This can work surprisingly well at modest scale.

5.2 Why Older Systems Used It

Long polling became popular because:

it worked before modern browser WebSocket support was universal
it fit existing HTTP infrastructure better
it avoided some firewall or proxy restrictions that broke upgraded connections
it was simple to integrate into applications already centered on HTTP APIs

Many legacy enterprise products still use it, and some modern systems still choose it when operational simplicity matters more than efficiency.

5.3 Request Lifecycle and Timeout Behavior

sequenceDiagram
	participant C as Client
	participant S as Server

	C->>S: GET /updates?cursor=120
	Note over S: Hold request open
	S-->>C: 200 OK with new event 121
	C->>S: GET /updates?cursor=121
	Note over S: Hold request open again
	S-->>C: 204 No Content or timeout response
	C->>S: GET /updates?cursor=121

The cursor is important. Without it, the client cannot reliably resume.

5.4 Server Resource Cost

Long polling has hidden cost:

many open requests waiting simultaneously
repeated HTTP parsing and headers
repeated auth checks unless optimized
more connection churn than persistent transports
potentially more threads or async waiting overhead depending on server model

In modern async servers this can be manageable, but it is still usually less efficient than SSE or WebSockets for high-frequency updates.

5.5 Retry Flow and Failure Behavior

If a long-poll request fails, the client retries. If the system is overloaded, thousands of clients may do this simultaneously.

This can create:

thundering herds after load balancer restarts
increased TLS handshake overhead
request spikes aligned to timeout intervals

Good long-poll implementations randomize retry timing and use cursors to avoid gaps.

5.6 Scaling Limitations

Long polling tends to hit limits earlier than SSE or WebSockets because:

every delivery cycle requires a fresh request
idle clients still create repeated requests
server-side waiting requests increase memory and scheduling overhead
load balancers and API gateways see much higher request volume

It is therefore more expensive per delivered update at scale.
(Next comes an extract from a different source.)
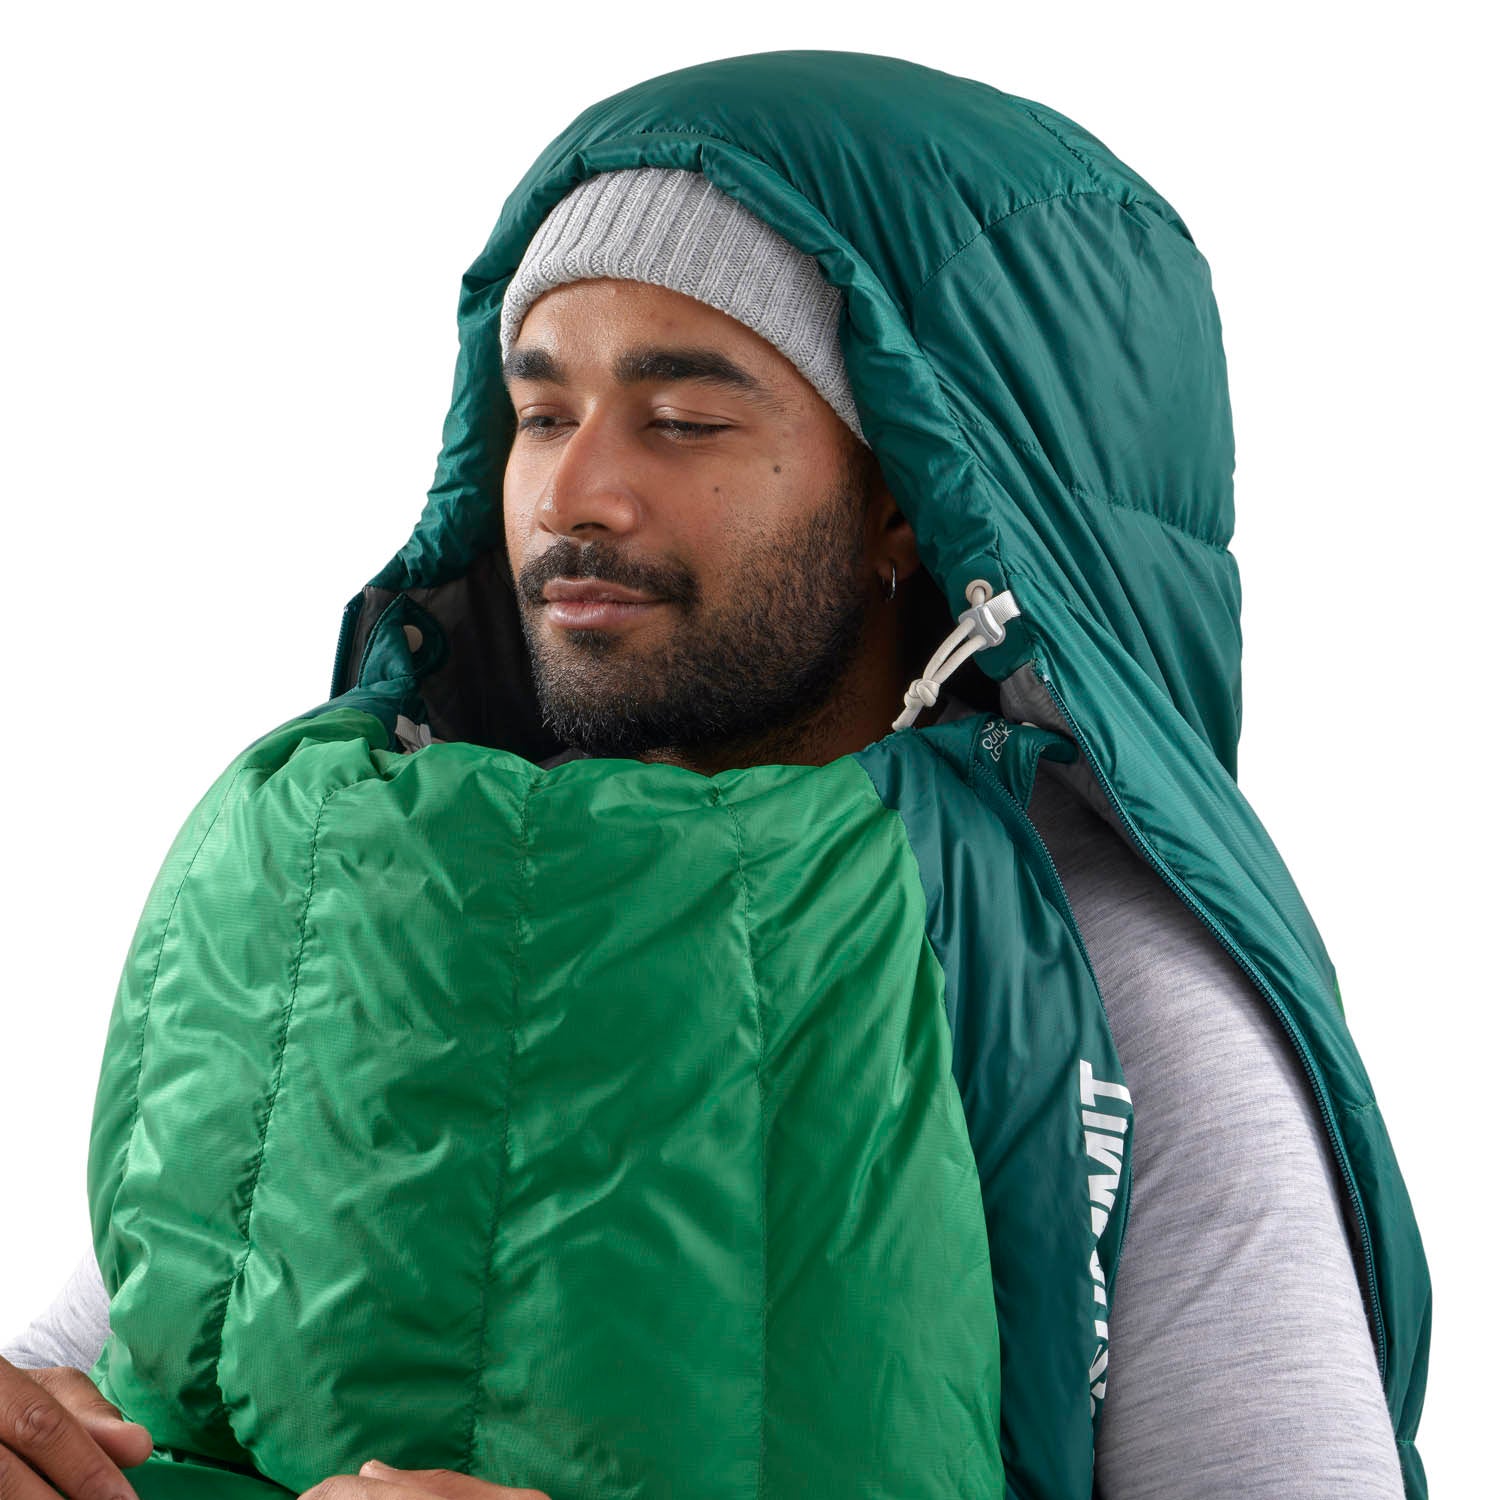 Ascent Down Sleeping Bag (-9°C & -1°C)

5.7 Long Polling vs SSE vs WebSockets

Dimension	Long Polling	SSE	WebSockets
Direction	Mostly server to client via repeated requests	Server to client	Bidirectional
Latency	Good but depends on re-request timing	Better	Best for interactive two-way
Overhead	Highest	Lower	Lowest per message after connection
Infrastructure simplicity	High	Moderate	Moderate to high
Browser support model	Universal HTTP	Modern browser friendly	Modern browser friendly
Best fit	Legacy environments, simple compatibility	One-way streaming	Full duplex interactive systems

5.8 Where It Still Appears Today

Long polling still appears in:

legacy enterprise systems
products that need broad proxy compatibility
simple notification or status systems where connection counts are moderate
fallback modes when WebSockets fail

Some client libraries silently downgrade to long polling when sockets are unavailable.

5.9 Common Mistakes

Common mistakes:

no cursor or sequence number, causing gaps or duplicates
synchronized timeout intervals across all clients
treating long polling as free because it uses HTTP
using blocking server threads for many waiting requests

Best practices:

add jitter to retries and request restarts
carry a cursor or last seen event ID
use async I/O servers
switch to SSE or WebSockets when event frequency or client count grows significantly

6. Presence

Presence is the system that answers questions such as:

is this user online?
were they active recently?
are they typing right now?
which device are they on?
when were they last seen?

Presence looks easy until you build it across unreliable networks and multiple devices.

6.1 What Presence Means

Presence is not just a boolean. It is usually a collection of signals.

Examples of signals:

active WebSocket connection exists
recent heartbeat received within threshold
app is in foreground or background
user generated interaction recently
one or more devices are connected
a typing event was emitted in the last few seconds

Products like Slack, WhatsApp, and Discord treat these signals differently based on product semantics and privacy expectations.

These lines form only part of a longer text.